ムッソリーニ政権によって1926年に解散させられたカトリック政党・イタリア人民党の流れをくんだ政党である。
冷戦下において左翼政党が支持を伸ばす中、中道右派・キリスト教民主主義路線とカトリック教会の支持の下、イタリア社会党やイタリア民主社会党、イタリア共和党などと連立政権を組んだのみならず、イタリア共産党と「歴史的妥協」を行うことで、第二次世界大戦後の冷戦下においてほぼ一貫して与党(連立与党)の座にあった。
1942年9月に、キリスト教民主党の前身政党ともいえるイタリア人民党の旧メンバー(アルチーデ・デ・ガスペリ、マリオ・シェルバ、ジョヴァンニ・グロンキなど)や、カトリック系組織に所属していたアルド・モーロやジュリオ・アンドレオッティ、イタリア大学カトリック教徒連合のアミントレ・ファンファーニなどが集まり、新たな政党の組織に向け動いた。1943年7月にムッソリーニが失脚すると、同党は活発な活動が徐々に認められるようになり、国民解放委員会にも加盟した。党としては穏健な政治を目指し、国王の存廃にはあまり触れず(後の1946年の国民投票で共和制派が勝利したことで王制は廃止された)、武装活動も決して活発ではなかった。

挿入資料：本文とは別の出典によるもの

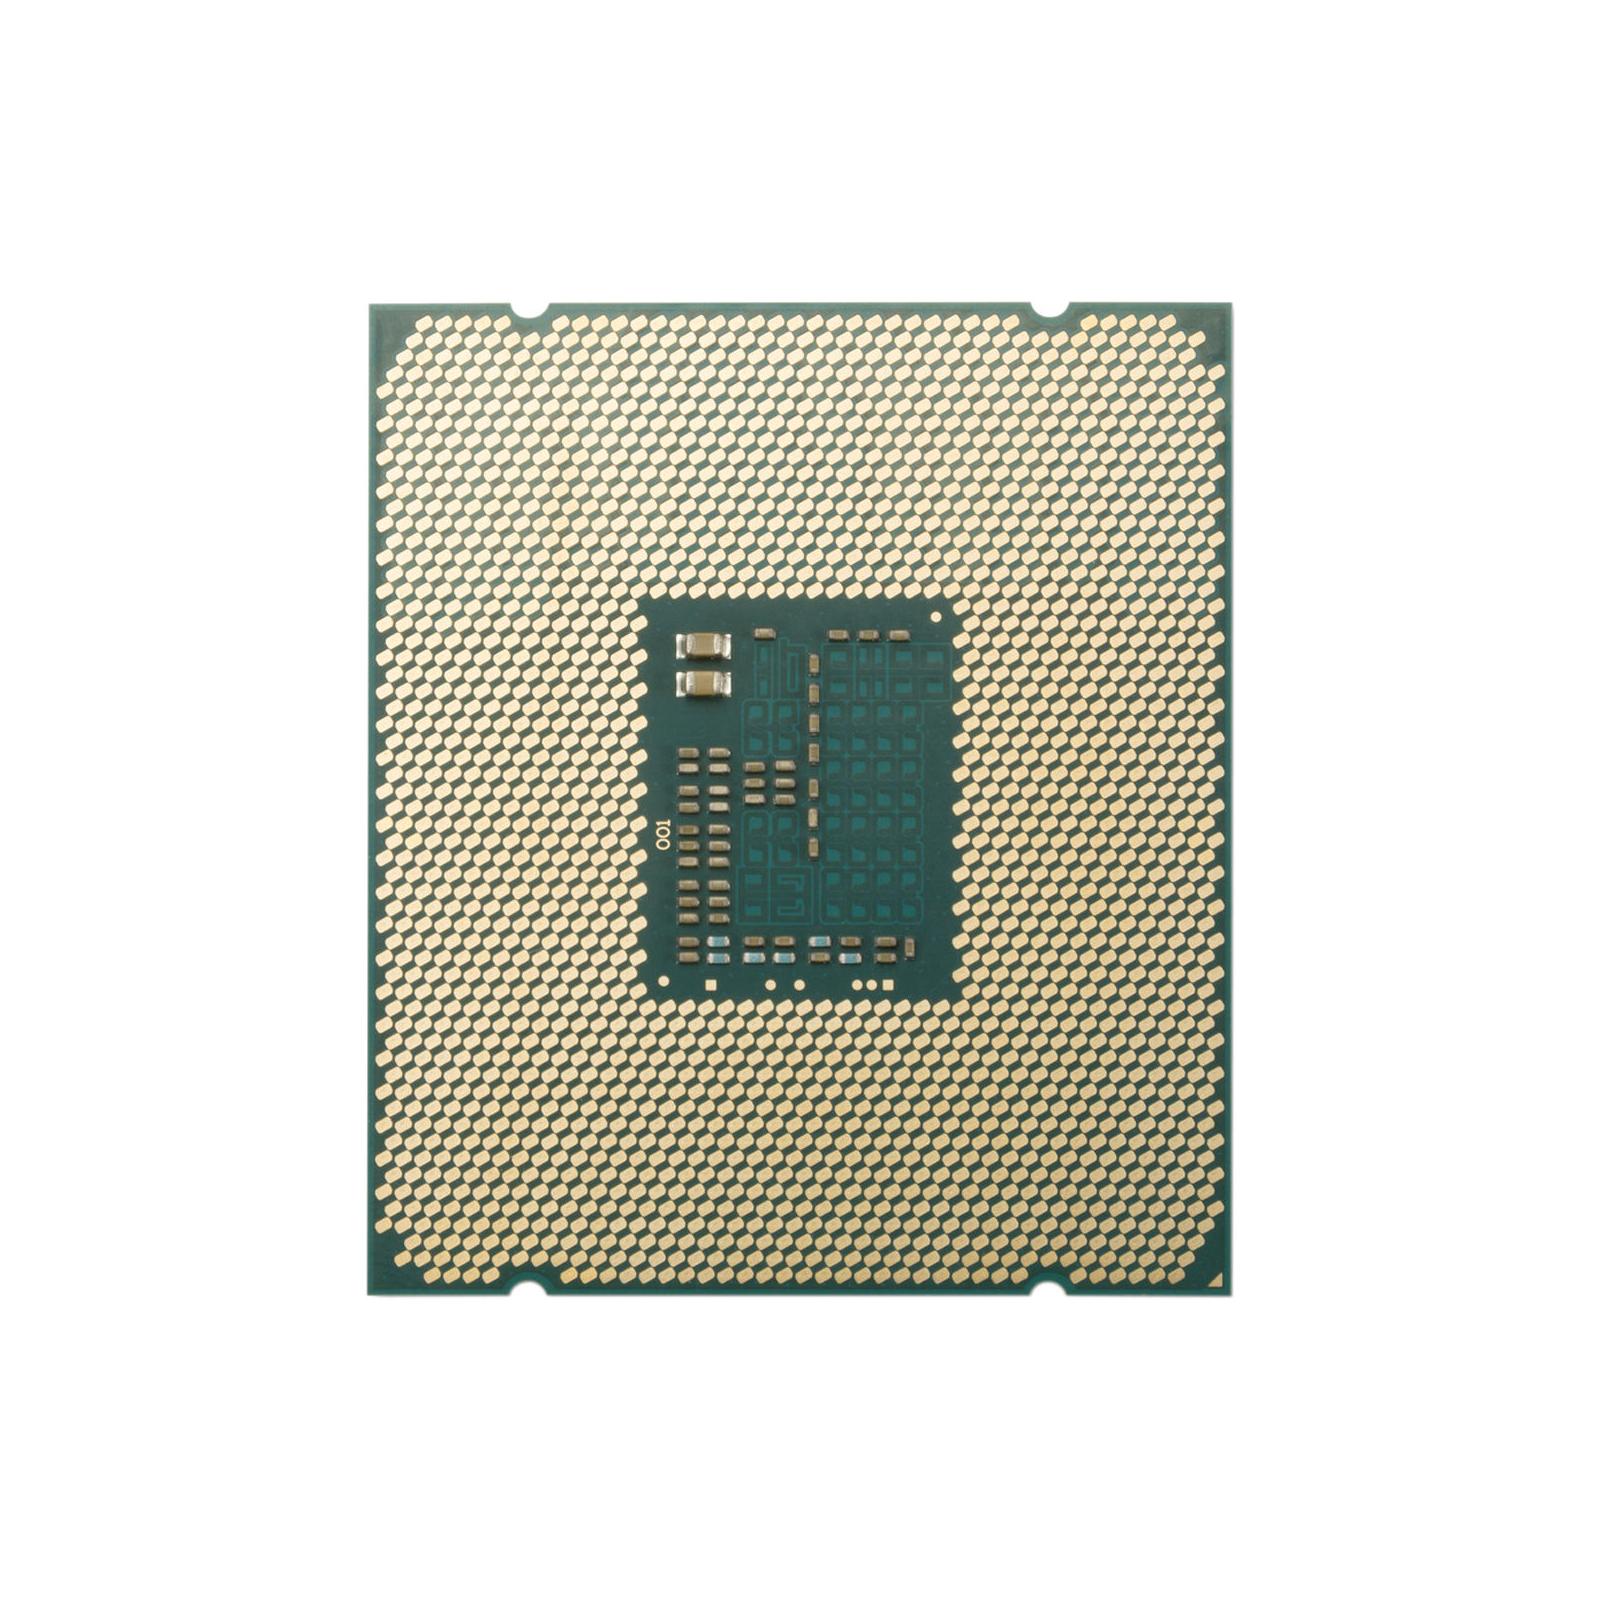 Процессор серверный INTEL Xeon E5-2609V4 8C/8T/1.70GHz/NoGfx/6.40GT/20MB/FCLGA2011-3 T (CM8066002032901) изображение 2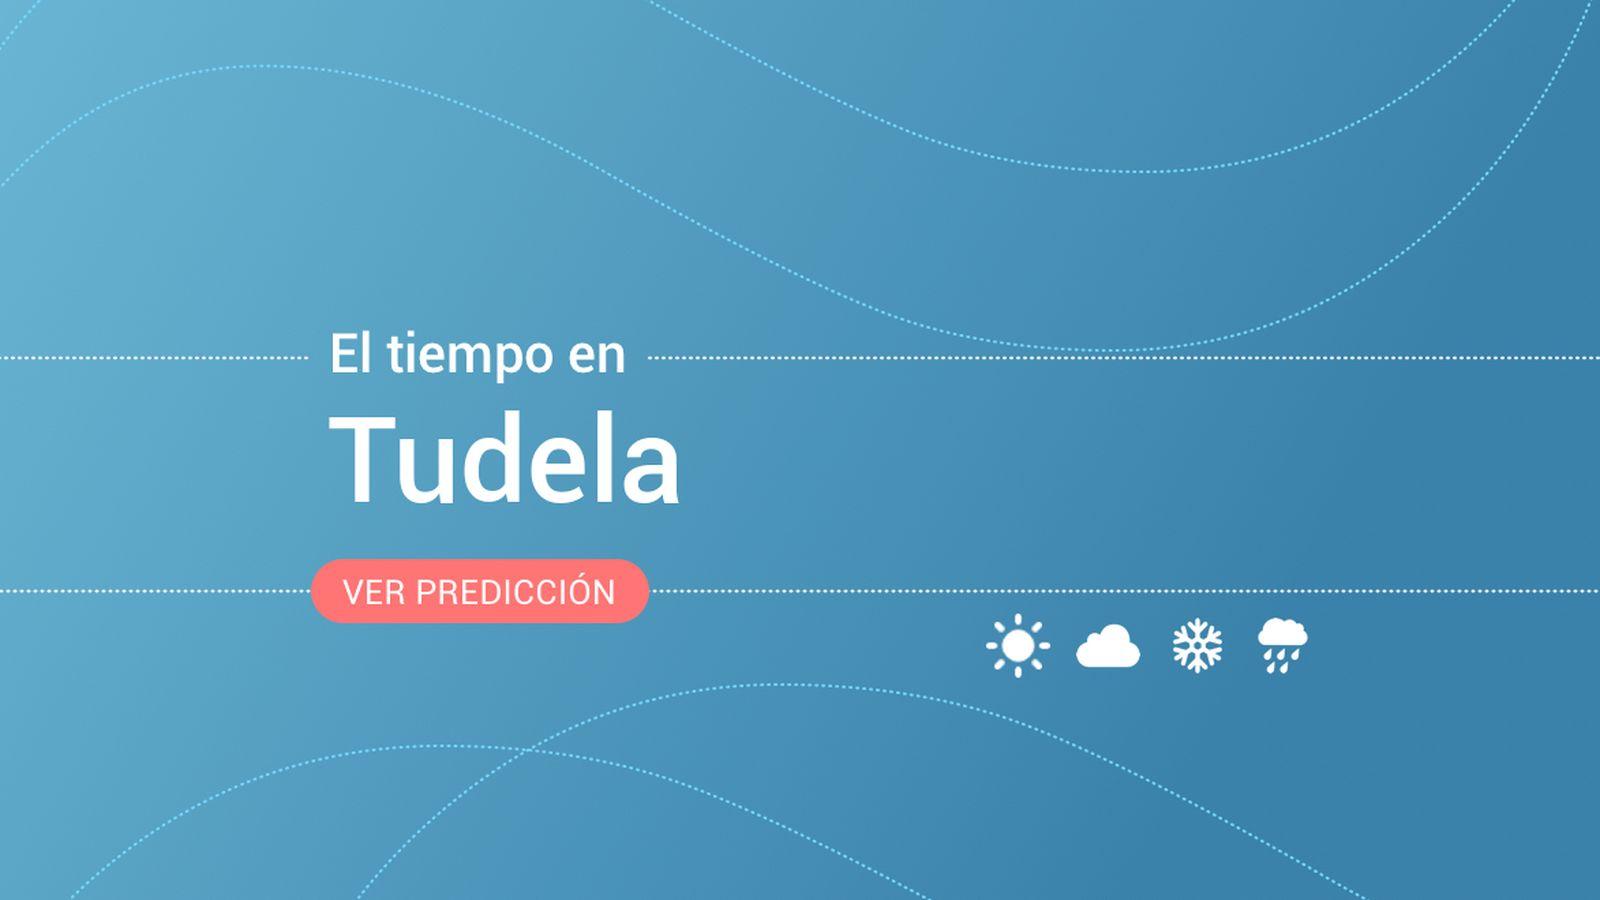 Foto: El tiempo en Tudela. (EC)

1945年12月に同党所属のアルチーデ・デ・ガスペリが首相に任命された。当時のイタリアは大連立が続いていたため、デ・ガスペリもそれに則り、共産党、社会党、民主社会党、共和党、自由党などの主要政党と大連立を組閣した。しかし、共産主義政党との連立は後にアメリカからの反発を生み、1947年5月に、社会党と共産党は政権から追放された。しかし、中道的な政権は左右双方から批判を浴び、1950年に中道右派政党のイタリア自由党、1951年に中道左派政党のイタリア民主社会党がそれぞれ政権から離脱した。1953年の総選挙で与党が望ましい結果をあげられなかったことで政権への信頼度は落ちていき、1953年8月にデ・ガスペリは首相を辞任した。デ・ガスペリは首相辞任の1年後に死去し、それ以降はアルド・モーロ、アミントレ・ファンファーニ、ベニグノ・ザッカニーニなどの党内中道左派勢力が党を引っ張るようになった。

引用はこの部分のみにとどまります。